Well you all know my story, I think! I swore to anyone who would listen when I was pregnant with the older girls that I would never get pregnant again... we were 1 week away from a tubal ligation when my friend convinced me not to do it. NOT because she thought I'd want more kids, but because her recovery was much worse with her tubal and I was hormonal and that scared me.

So cut to the girls being just 6 months old and all of a sudden I had babies on the brain!!! I couldn't believe it, but we had some difficulty getting preggers the first time, so we decided to just "try on our own" for 10 months (until I hit 40 years old) - if it happened, great. If it didn't - we were thrilled with our girls.

2 months later I was pregnant. With twins again.

Looking back, I knew everyone wasn't accounted for yet. Even as I was telling everyone we were "done" after the girls, I knew deep down we might not be. I also come from a large family and the thought of only having 2 made me a little sad.
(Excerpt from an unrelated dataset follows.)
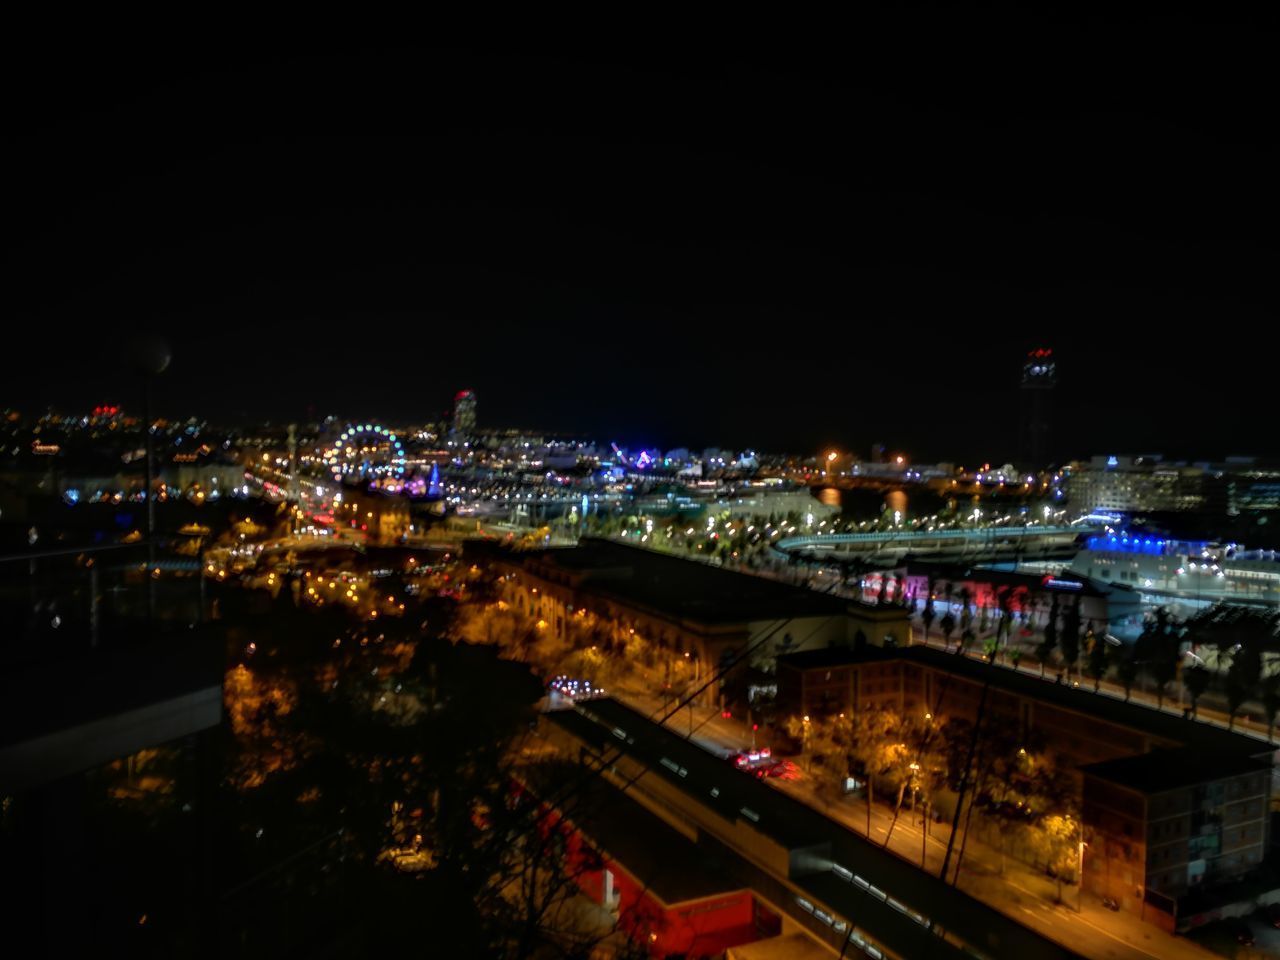 HIGH ANGLE VIEW OF ILLUMINATED CITY AT NIGHT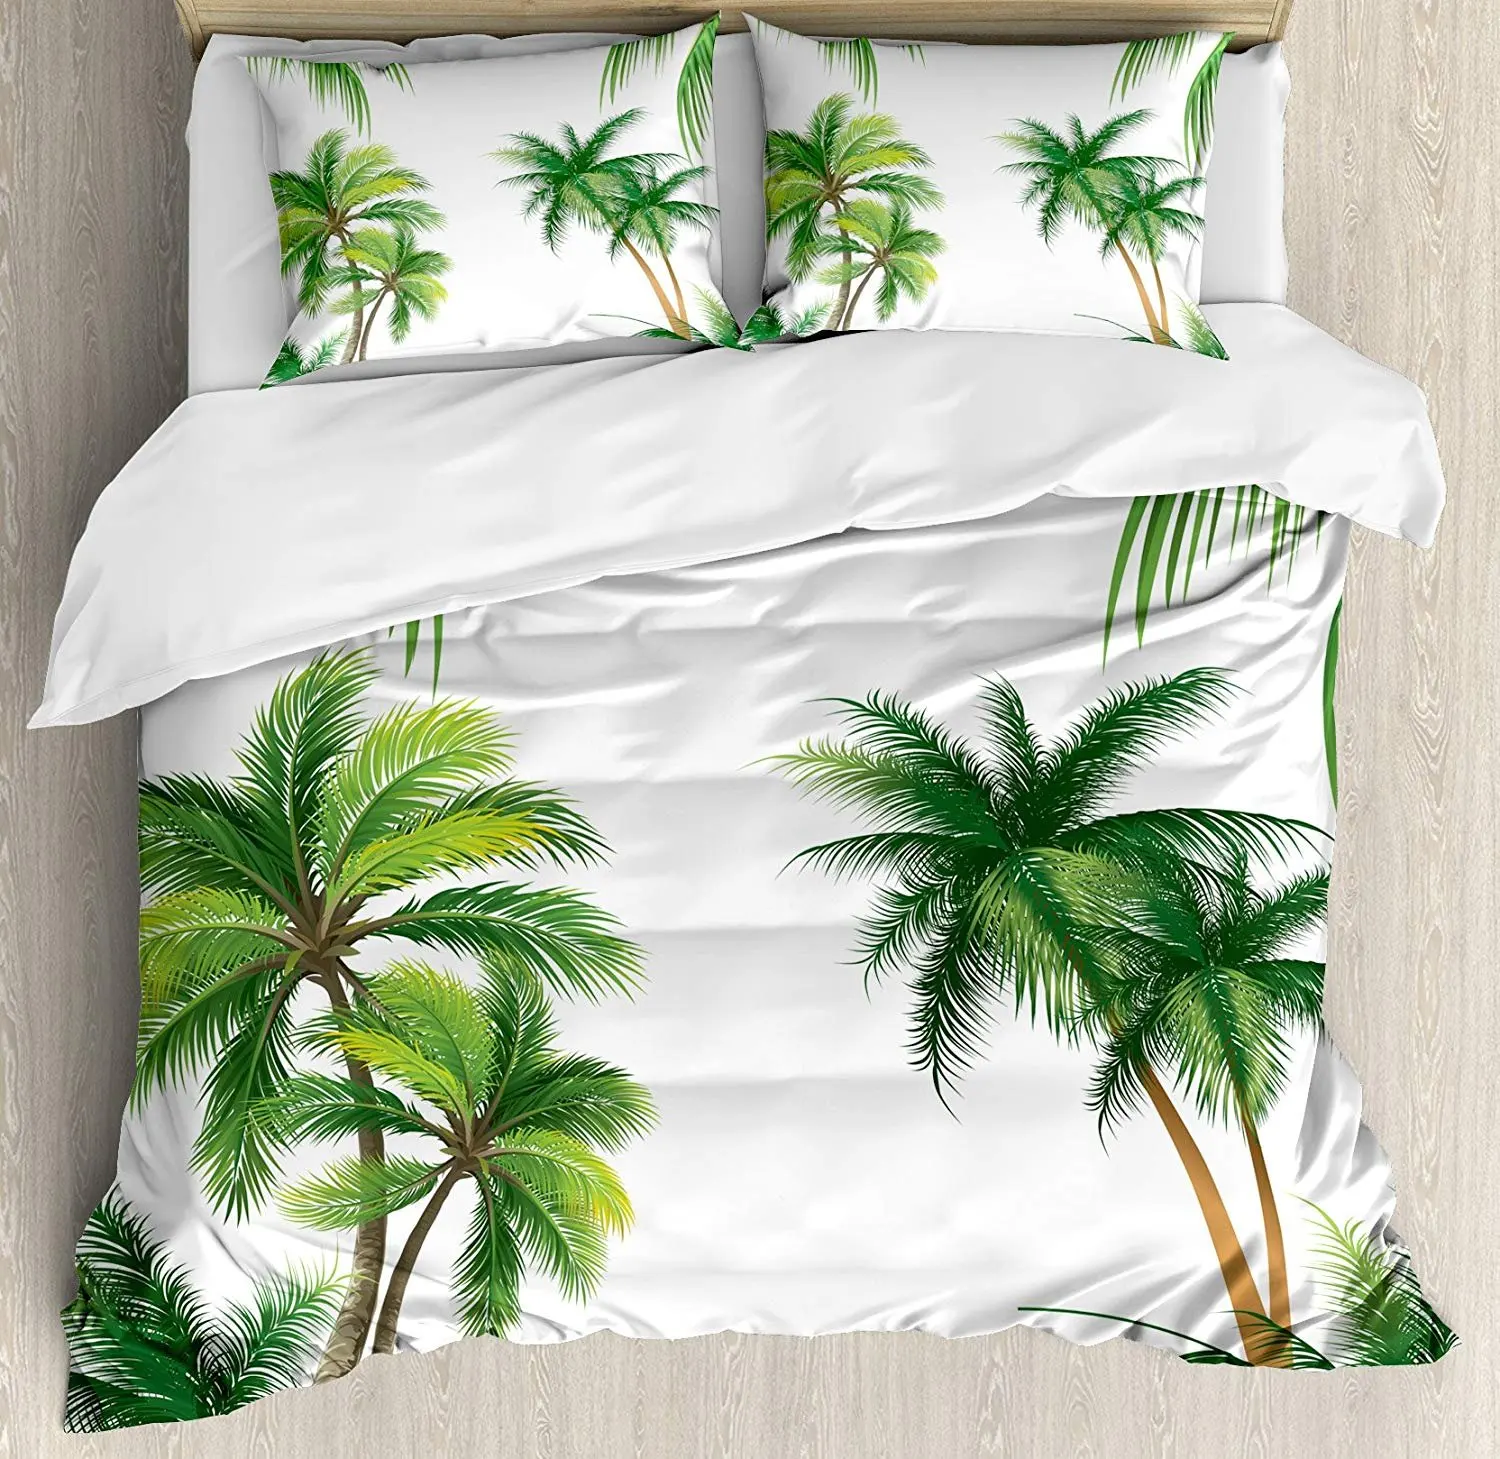 

Tropical Bedding Set Coconut Palm Tree Nature Paradise Plants Foliage Leaves Digital Illustration Duvet Cover Pillowcase Bed Set

I found myself crying as I packed up the newborn clothes for the attic... sad that I would never experience the little baby stage again.

Now that I'm packing up the newborn baby clothes AGAIN for the attic - I know I'm done. I look at my 4 girls and we are all here now. I have my family. 

I do some days wonder if we were 10 years younger if any more would be in our future - but we aren't and I couldn't be happier with my big family. Don't get me wrong - having 4 babies under 2 years old is FREAKING HARD but it's a labor of love and I know how fast it goes.

(Talk to me again during the teenage years, though... Ha ha...)

Someone else said it - the money works itself out. Hell, we are paying a SICK amount of money to daycare every month, almost my whole paycheck and I'm blessed to have a pretty good job. It'll be like winning the lottery when they all go to school. 

I'd just say trust your gut. Whatever you decide will be the right thing for you.


----------



## loz13

well I felt broody basically as soon as the twins were born and was very lucky (& surprised) to conceive naturally quite quickly. There will be 13months between twins and new baby not exactly sure how I'll manage but at least I dont have time to think about it!!!

I do feel like I've been pregnant for ever tho - on the otherhand I thought I never would be so delighted!


----------



## meganb

Ohhhh, Chetnaz, LizzieD - we all had our twins around the same time. I became *extremely* broody after my boys had their first birthday.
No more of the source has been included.